На недолгий миг все затихло, и я, обливаясь слезами, в бессмысленном, дурацком порыве протянул руку, чтобы погладить песика, дать ему понять, что я друг и что нападать на меня больше не надо, ведь никакой угрозы для него я не представляю.
Но тут пес оскалился и начал дико визжать.
Глаза его непроизвольно крутанулись в орбитах и закатились так, что видны были только белки.
На помощь, завопил я.
И пес рванулся вперед, ударившись о стену и продолжая расти.
Я попытался встать, но правая нога была так измочалена, что я снова рухнул на лестницу, липкую от крови, натекшей из моей раны.
Пес остановился и затрясся, морда вытянулась и стала похожа на волчью.
Передними лапами он бешено колотил по лестнице, царапая ступеньку с такой силой, что когти взрезали гладкое лакированное дерево.
Я пытался отползти вверх.
Пес наклонил голову и, медленно подняв глаза, оскалился.
Задыхаясь, я пнул его обеими ногами и попятился.
Пес остановился.
Он вскинул морду и тут снова завопил.
Глаза его выпучились так, что выскочили из орбит и повисли на черенках.
Из пустых глазниц по морде рекой хлынула кровь, пятная оскаленные зубы.
Теперь у него появилось что-то наподобие крыльев – они проросли по обе стороны собачьего торса.
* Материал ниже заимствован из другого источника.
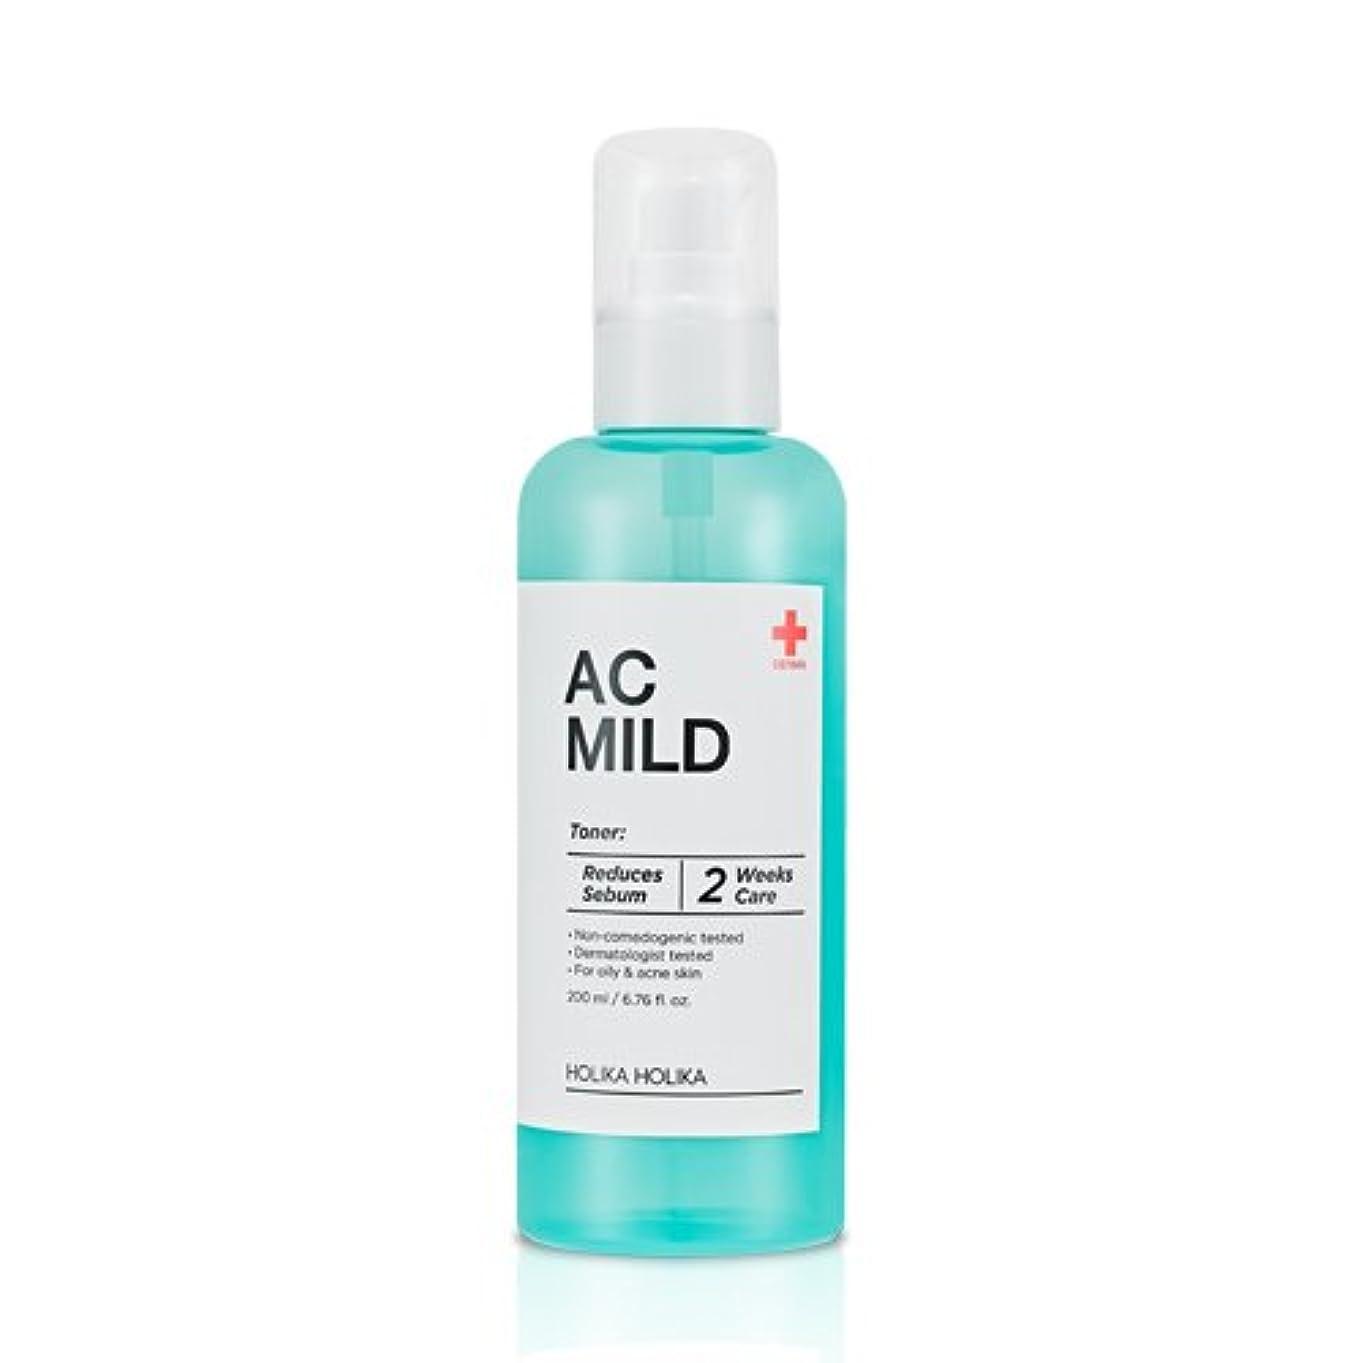 アルコール相談ビタミンホリカホリカ ACマイルドスキントナー/HolikaHolika AC Mild Skin Toner 200ml?化粧水 [並行輸入品]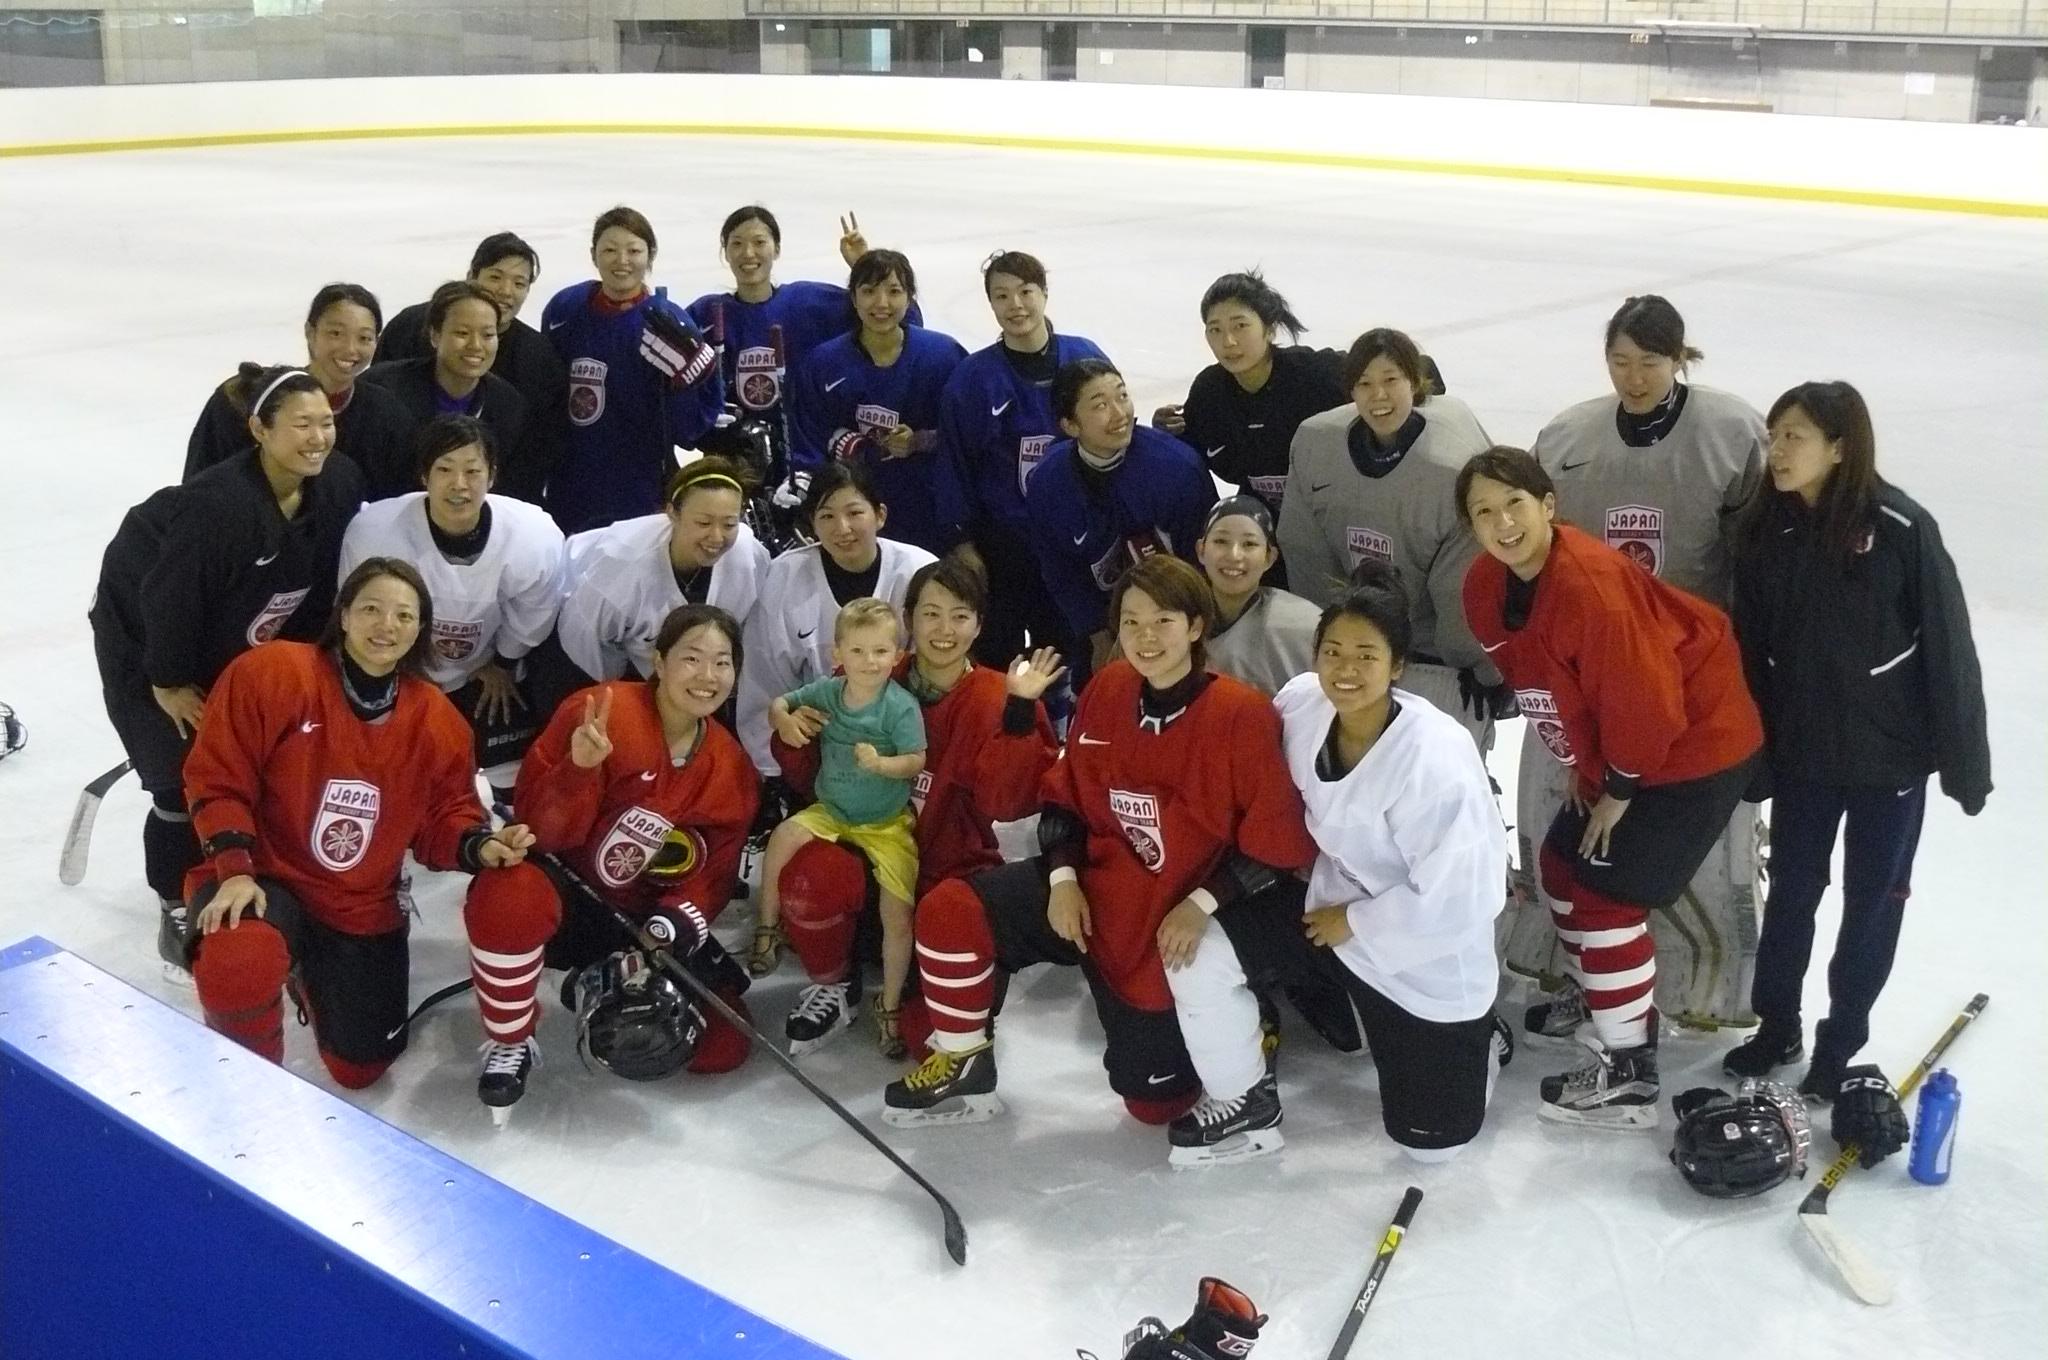 liam avec equipe du japon

Крылья прорвали грудную клетку – и забили, отряхиваясь от крови и потрохов.
Тварь поползла ко мне.
Я отбивался что было сил.
Но зубастая пасть без особых усилий дотянулась до меня и снова впилась в правое бедро.
Я завопил, отползая, и когда тварь разжала пасть, на стену брызнула струя крови.
В доме вдруг стало жутко холодно, однако по лицу моему струился пот.
Я пополз на животе, и тут она цапнула меня опять, как раз под местом, которое изорвала прошлым укусом.
Я пытался стряхнуть тварь с ноги.
Я стал соскальзывать вниз, потому что лестница намокла от крови.
Тварь набросилась снова.
Зубы, ставшие клыками Терби, впились в икру.
Жуткая догадка осенила меня: твари нужно, чтоб я не шелохнулся.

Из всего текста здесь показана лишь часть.